File file = service.files().get(fileId).execute();
doing this it will create a File object, with it's ID field being set, when executing the update, itt will throw an exception, since the ID meta field is not editable directly.
What you can do is simply create a new file:
File file = new File();
alter the meta you'd like and update file content if required as shown in the example.

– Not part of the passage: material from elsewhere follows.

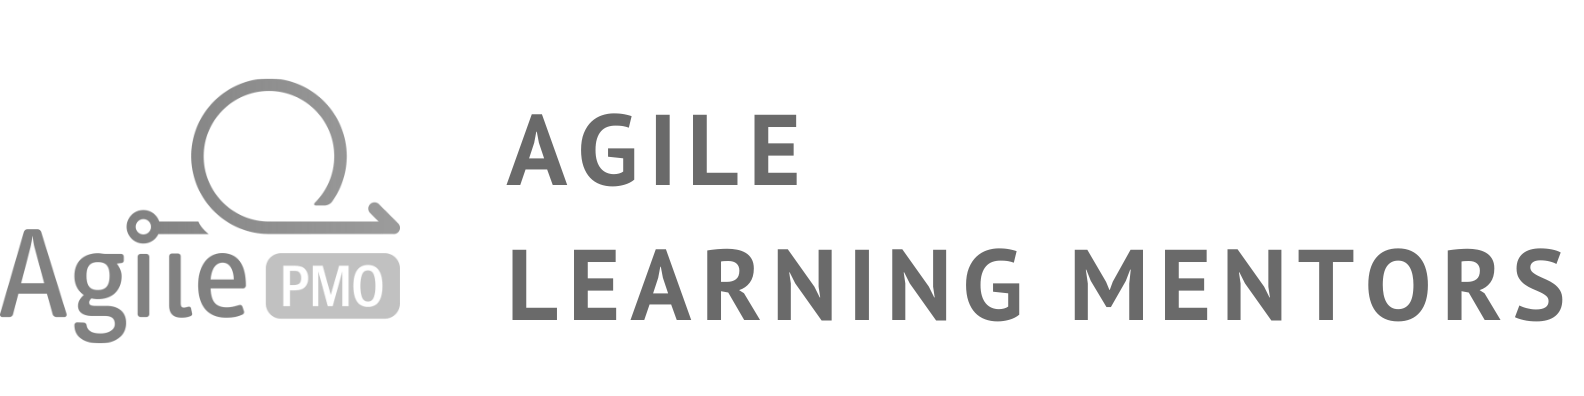 AgilePMO Agile Learning Mentors logo

then simply update the file as proposed above:
// Send the request to the API.
File updatedFile = service.files().update(fileId, file, mediaContent).execute();
So based a full example would look like this based on Android Enthusiast solution:
private static File updateFile(Drive service, String fileId, String newTitle,
String newDescription, String newMimeType, String newFilename, boolean newRevision) {
try {
// First create a new File.
File file = new File();
// File's new metadata.
file.setTitle(newTitle);
file.setDescription(newDescription);
file.setMimeType(newMimeType);
// File's new content.
java.io.File fileContent = new java.io.File(newFilename);
FileContent mediaContent = new FileContent(newMimeType, fileContent);
// Send the request to the API.
File updatedFile = service.files().update(fileId, file, mediaContent).execute();
return updatedFile;
} catch (IOException e) {
System.out.println("An error occurred: " + e);
return null;
}
}
I can share javascript code for uploading to an already existing file using v3
const url = 'https://www.googleapis.com/upload/drive/v3/files/' + fileId + '?uploadType=media';
if(self.fetch){
var setHeaders = new Headers();
setHeaders.append('Authorization', 'Bearer ' + authToken.access_token);
setHeaders.append('Content-Type', mime);
var setOptions = {
method: 'PATCH',
headers: setHeaders,
body: data
};
fetch(url,setOptions)
.then(response => { if(response.ok){
console.log("save to drive");
}
else{
console.log("Response wast not ok");
}
})
.catch(error => {
console.log("There is an error " + error.message);
});
To update files content, you can use Files:update, this method supports an /upload URI and accepts uploaded media with the following characteristics:
Maximum file size: 5120GB
Accepted Media MIME types: /
This method provides media upload functionality through two separate URIs. For more details, see the document on media upload.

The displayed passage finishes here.